WHAT YOU NEED TO DO = What you return must match the data below exactly, minus any pictures.
[DATA BELOW — start]
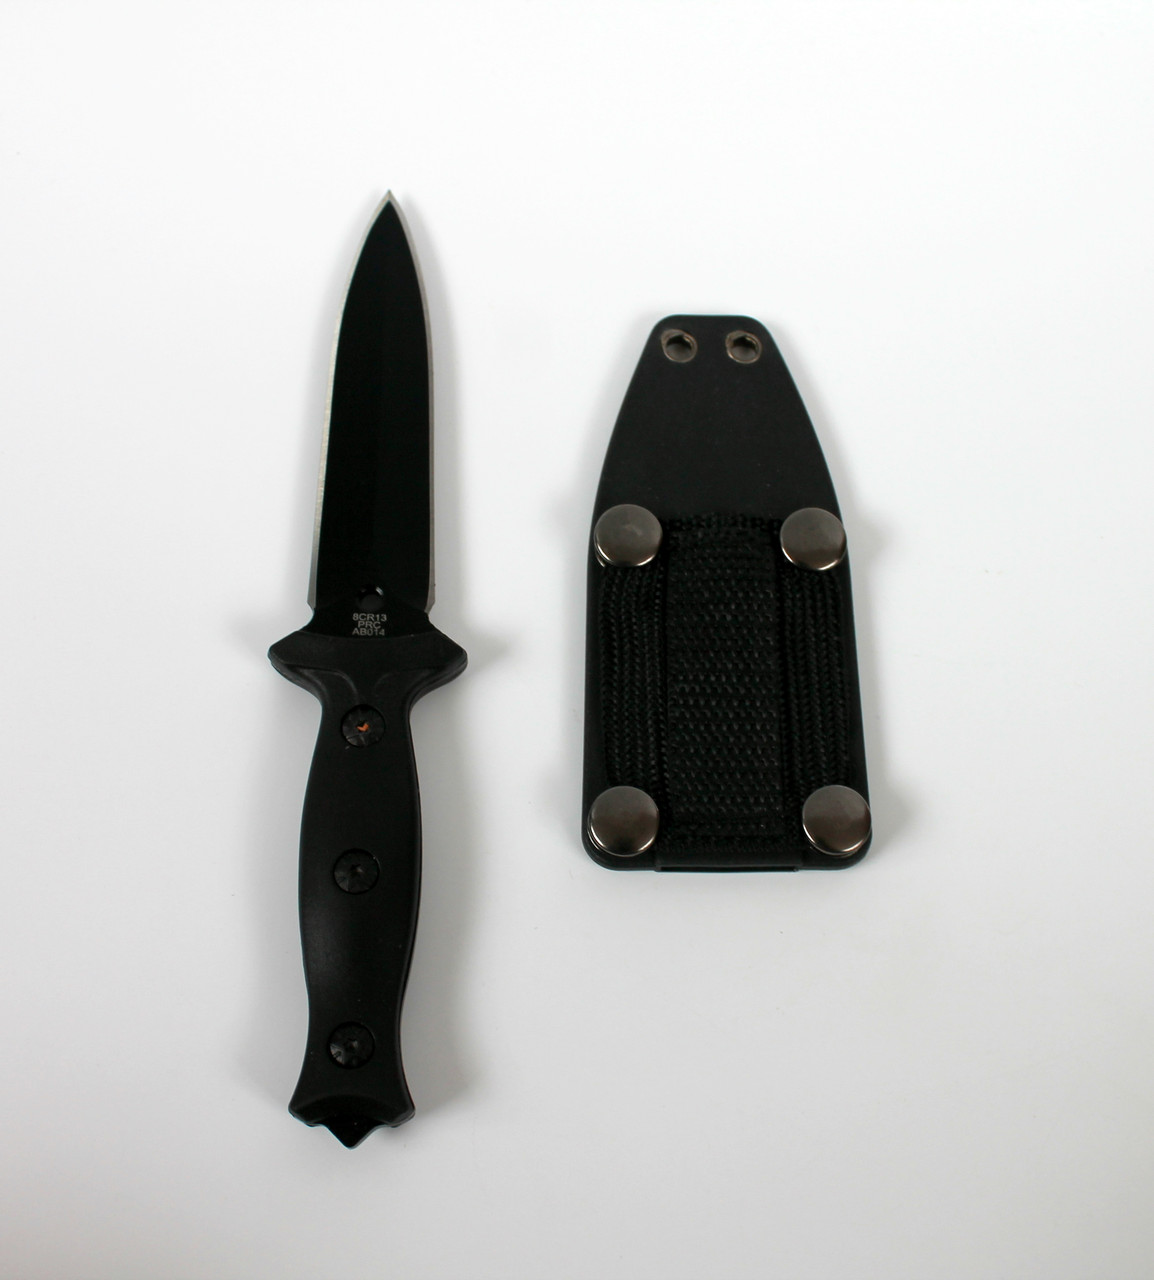 Нож в чехле Heywas AB014 охотничий
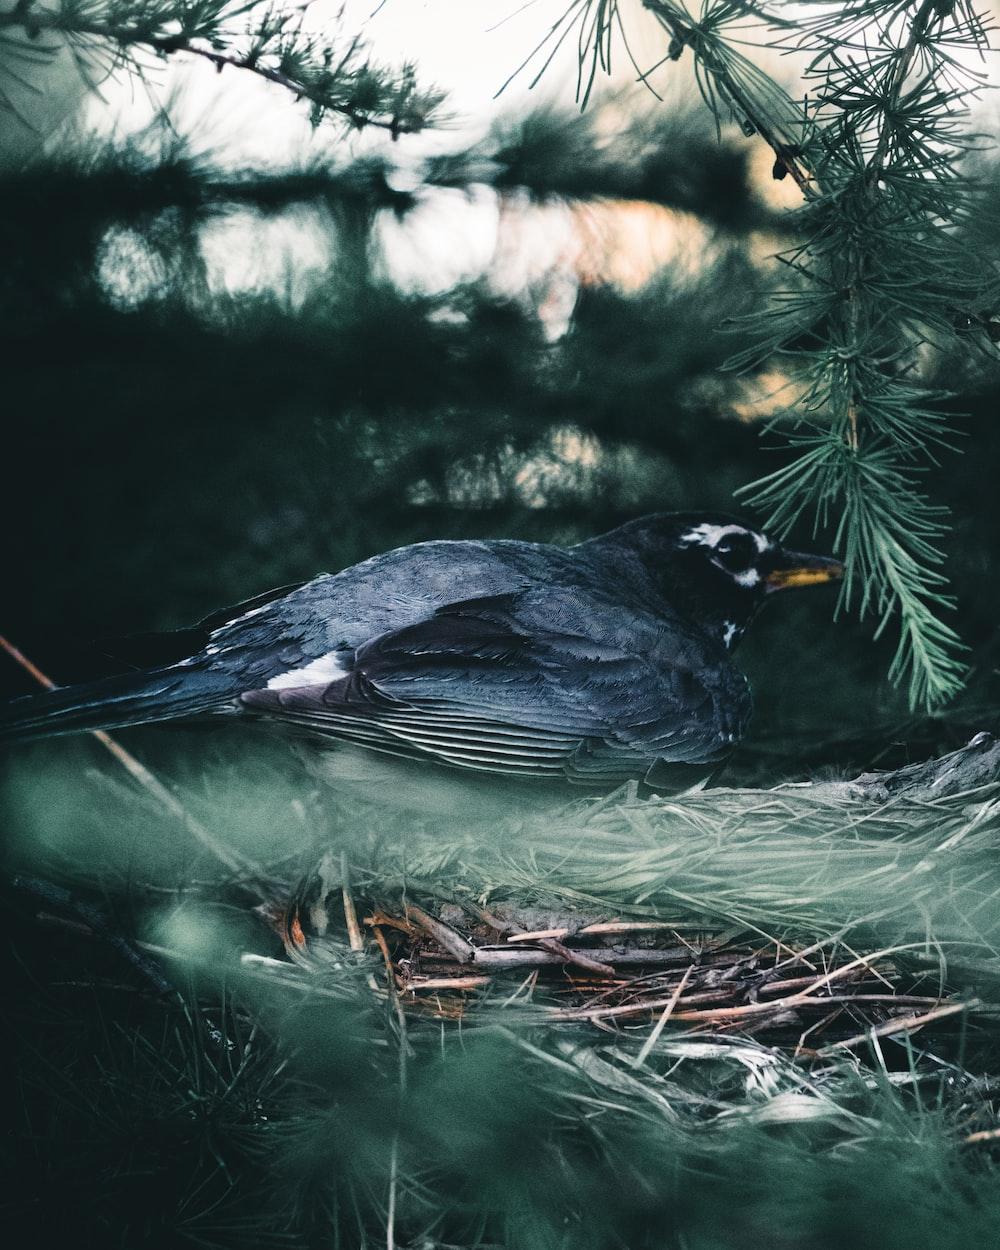 black and yellow bird on tree branch
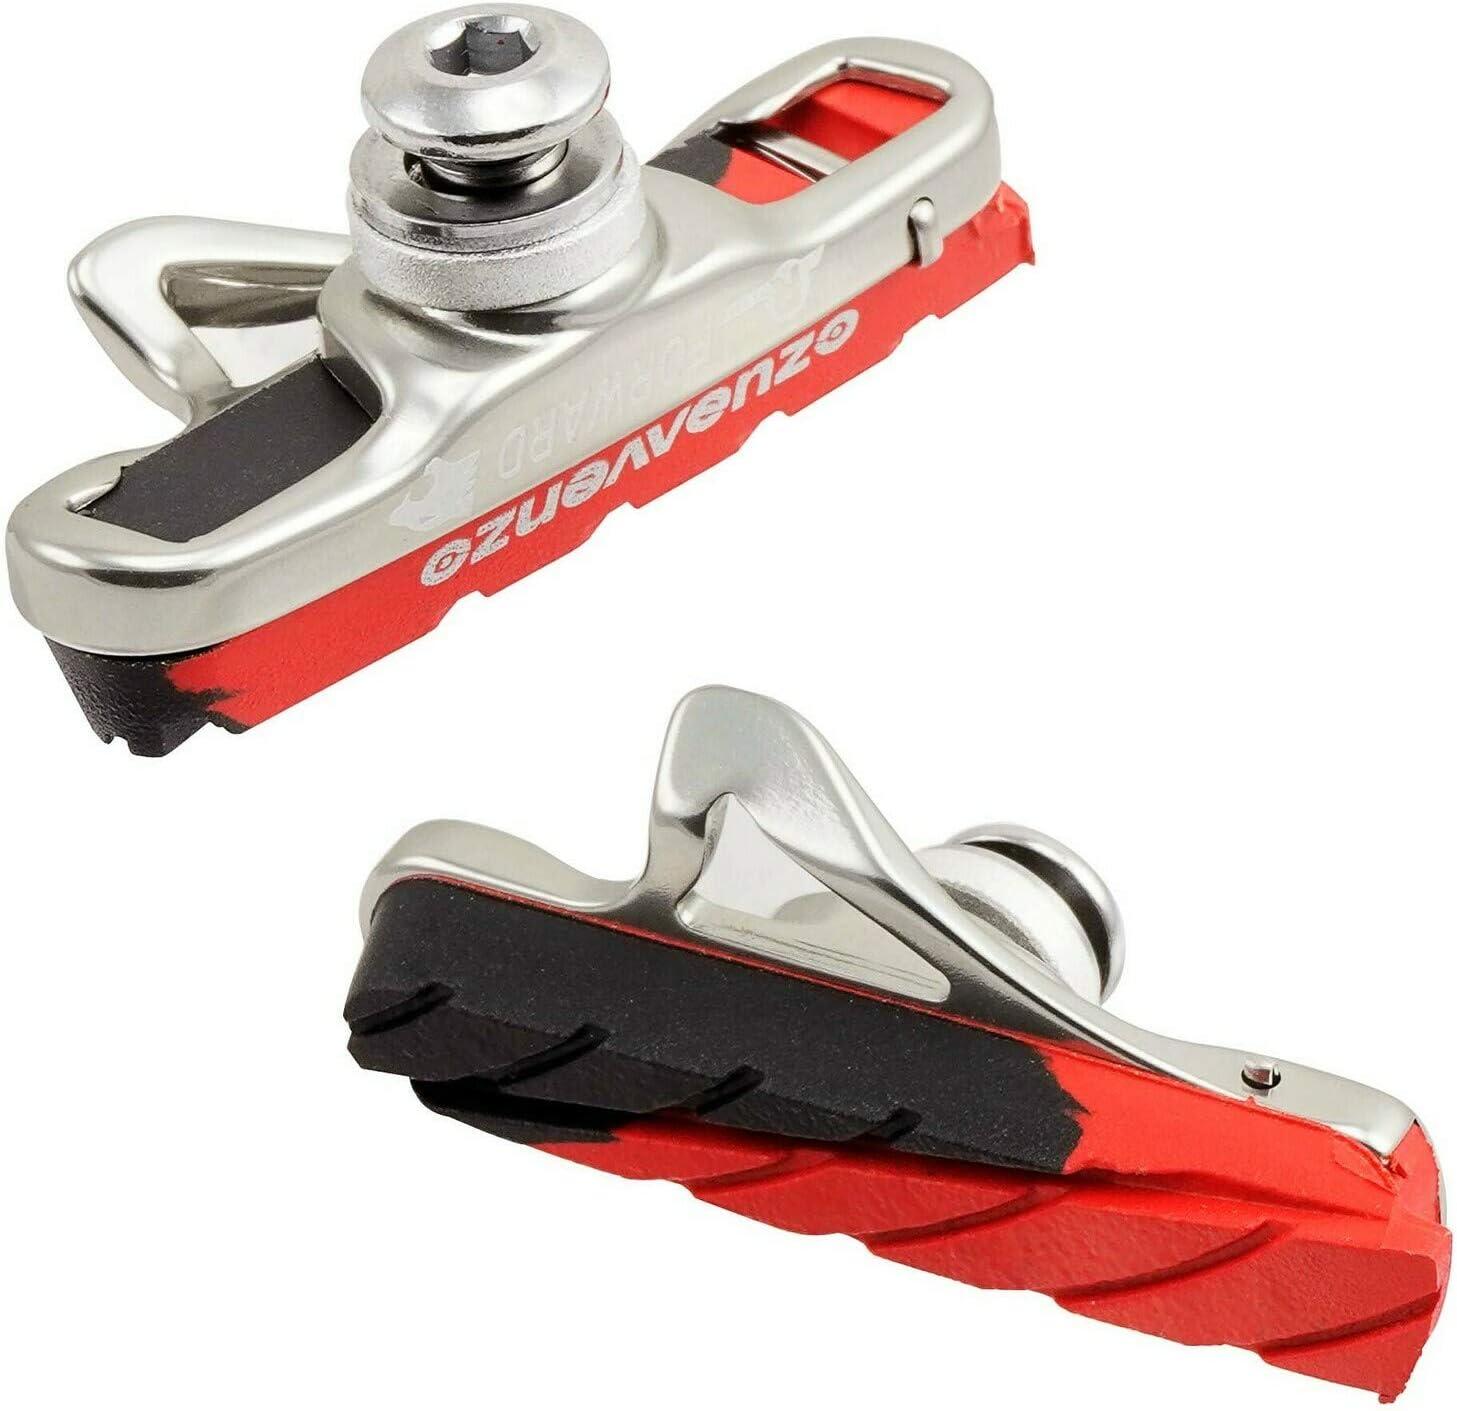 Dura-Ace Ultegra 105 4pads Shimano R55C4 Cartridge Road Brake Shoes 2 Pair
[DATA BELOW — finish]
SOLUTION BELOW =
 Нож в чехле Heywas AB014 охотничий
 black and yellow bird on tree branch
 Dura-Ace Ultegra 105 4pads Shimano R55C4 Cartridge Road Brake Shoes 2 Pair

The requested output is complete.